Each week in Show Me The Money (RTE1, Sun), the budgetary makeover series, Hobbs offers essentially the same advice to the fiscal wrecks who seek his guidance. He urges them to face up to their monetary problems, reduce their spending and, if possible, increase their earnings.

Last Sunday’s subjects were Tom and Tricia, a taxi driver and his part-time barmaid wife. Despite a reasonable joint income, the couple cannot make ends meet. Tom’s overheads are excessive, loans are accumulating and outstanding wedding bills absorb every spare cent.

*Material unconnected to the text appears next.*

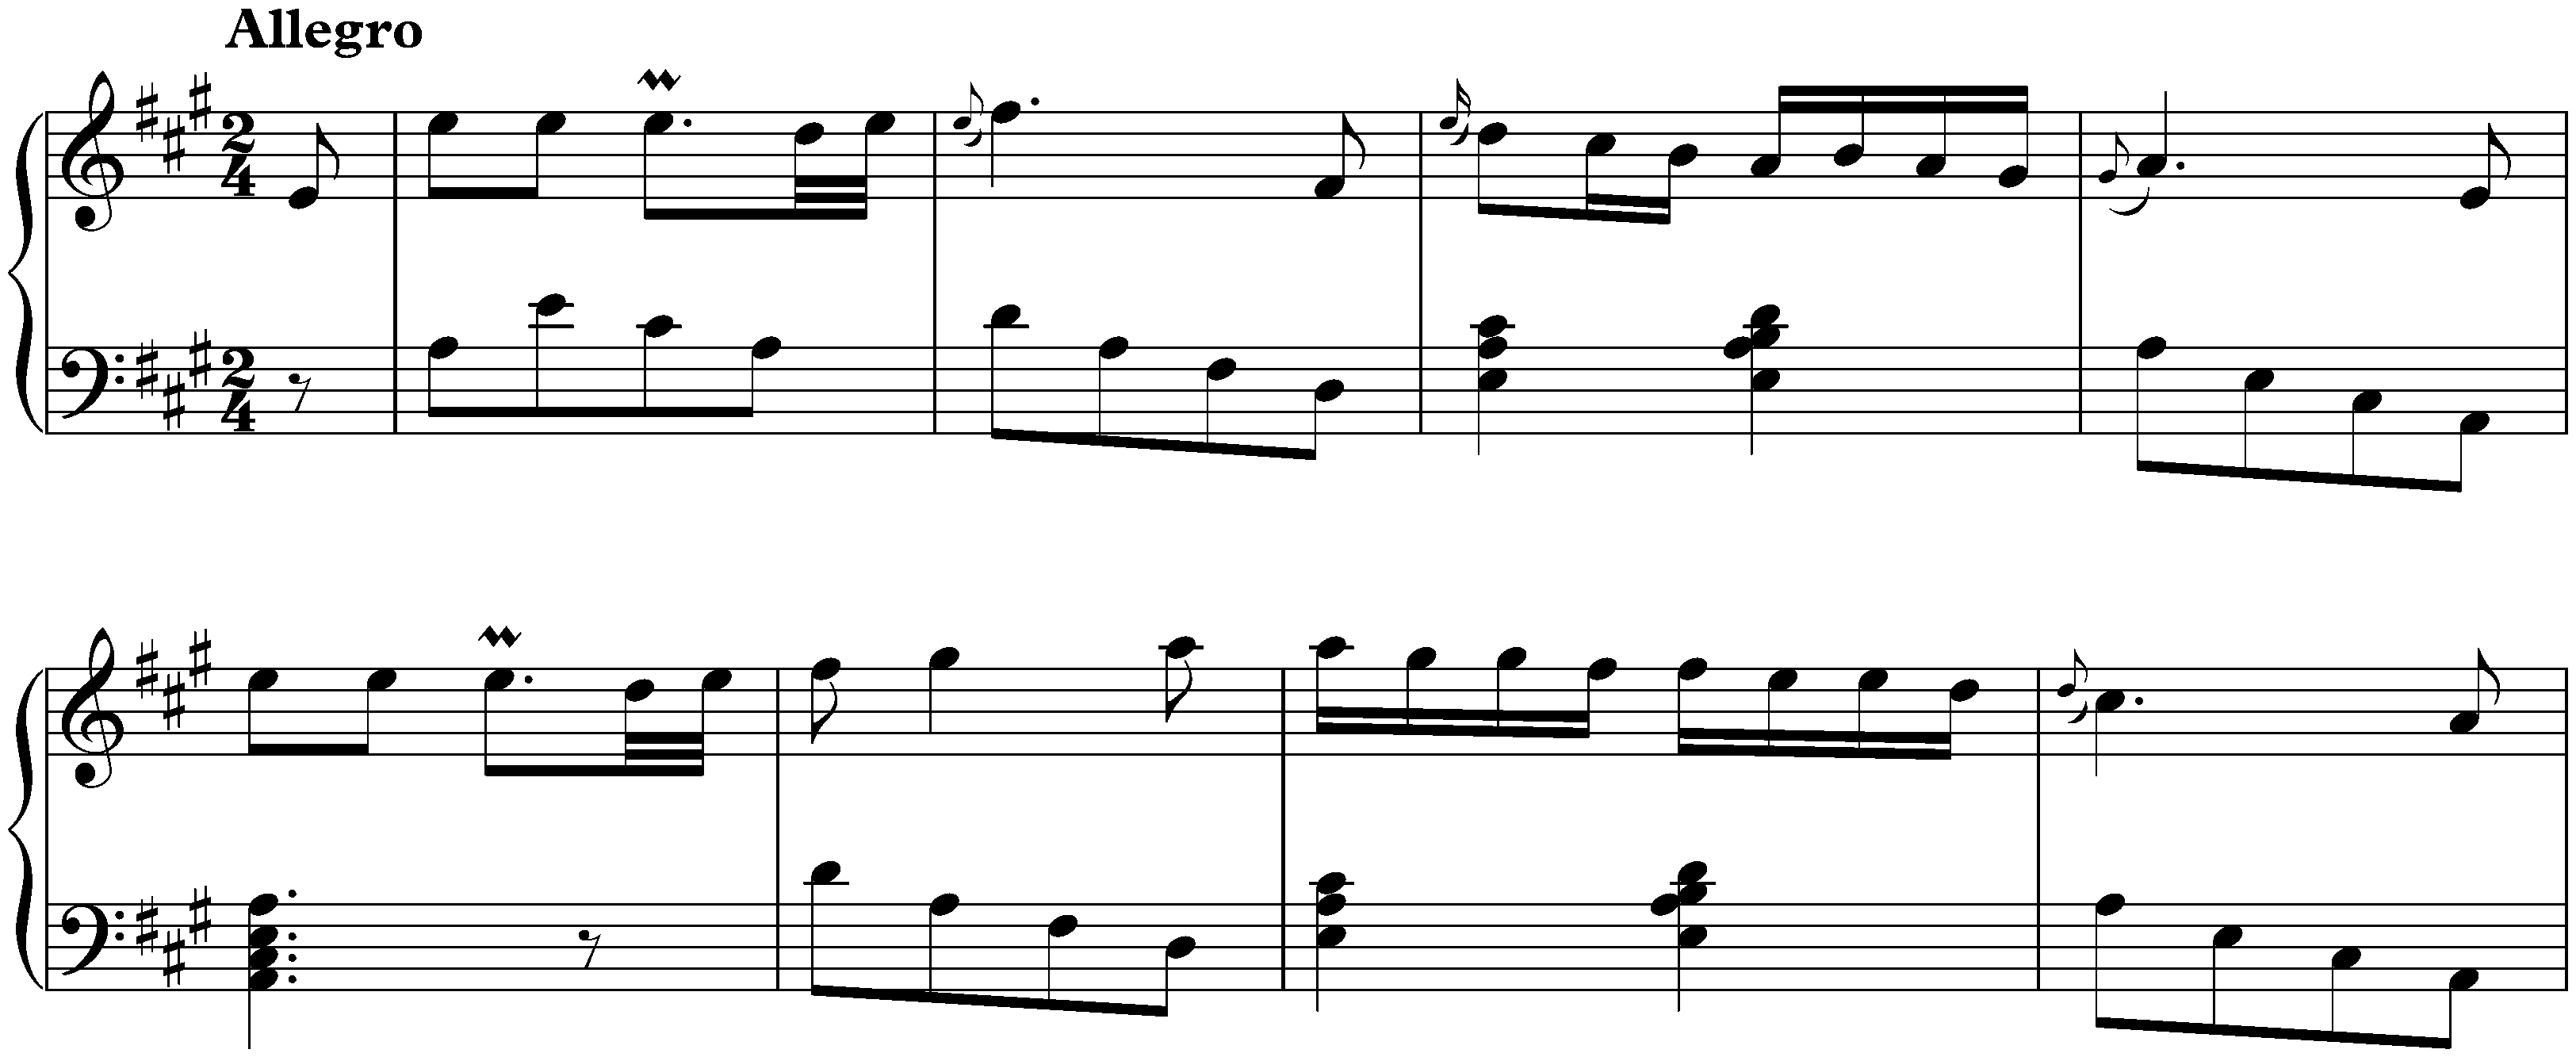 Sonata in A major, K. 181
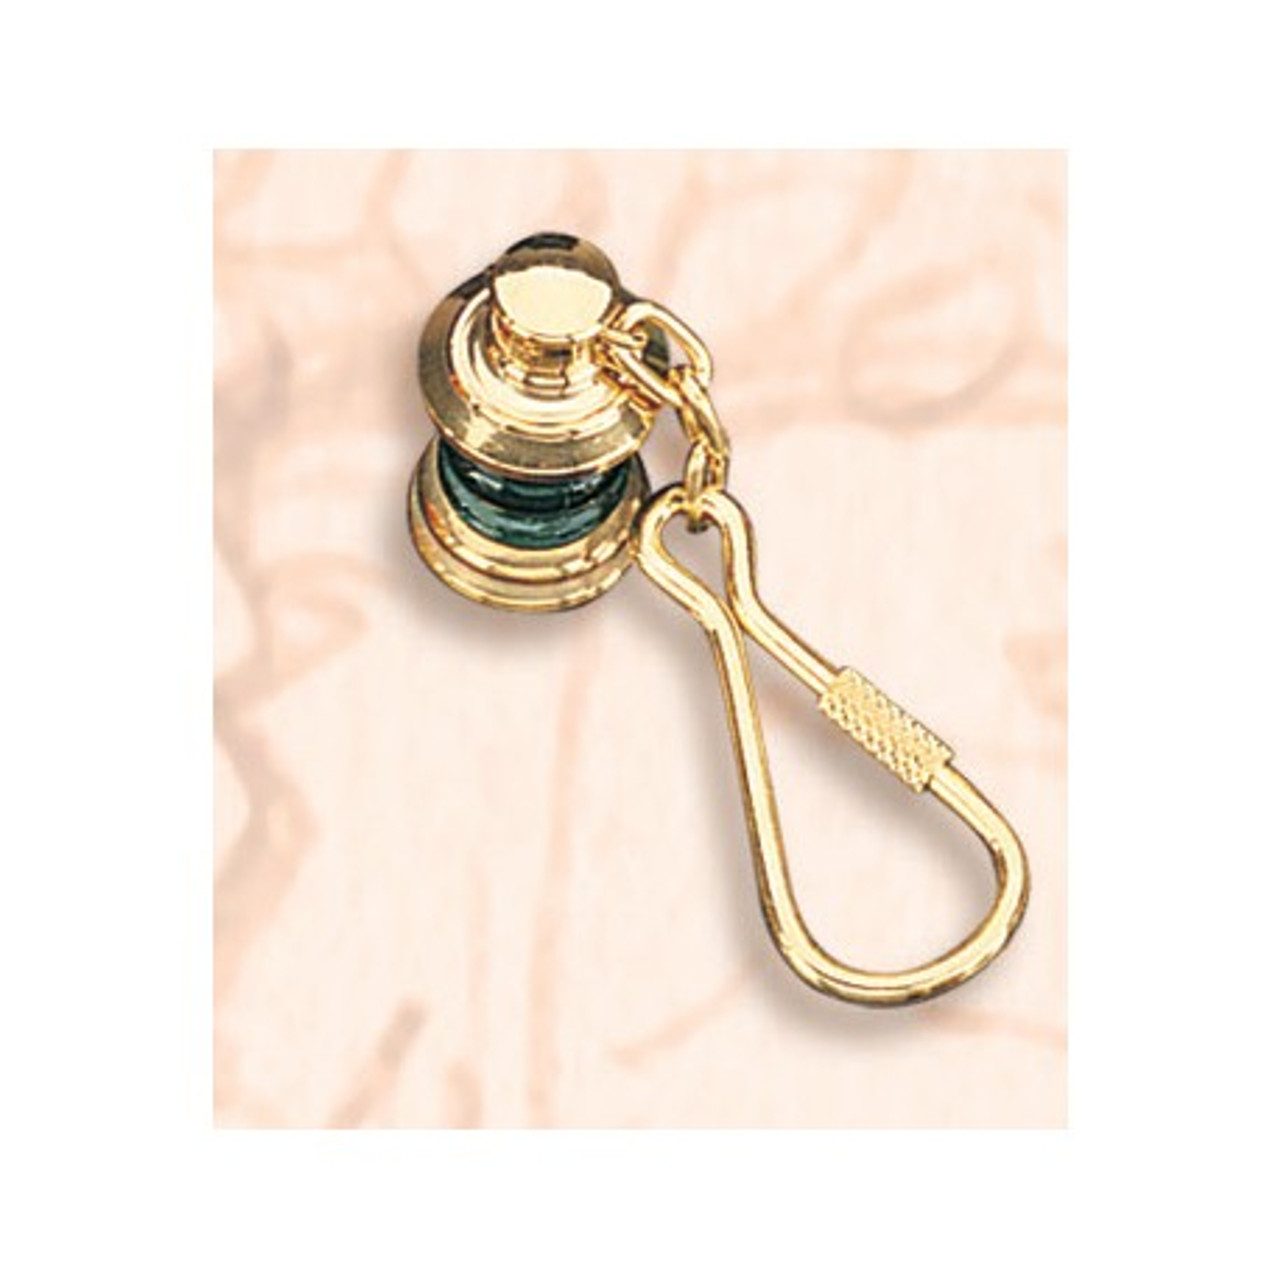 Brass Key Chain - Starboard Lantern

After due consideration, Hobbs offered a solution to the couple’s woes. He urged them to face up to their monetary problems, reduce their spending and, if possible, increase their earnings.

Hobbs’s financial tips are commonsensical to the point of commonplace. Yet the most striking feature of Show Me The Money is the fact that his elementary suggestions are greeted like thunderbolts of divine revelation. Ultimately, of course, this has more to do with the ignorance of the pupils than the brilliance of the teacher.

Most of the series’ participants are pathetic innocents, the sort of people who smoke in bed then wonder why their house burns down. Spending borrowed money like drunken sailors, they are invariably shocked to discover that they have amassed battleship-sized credit hangovers.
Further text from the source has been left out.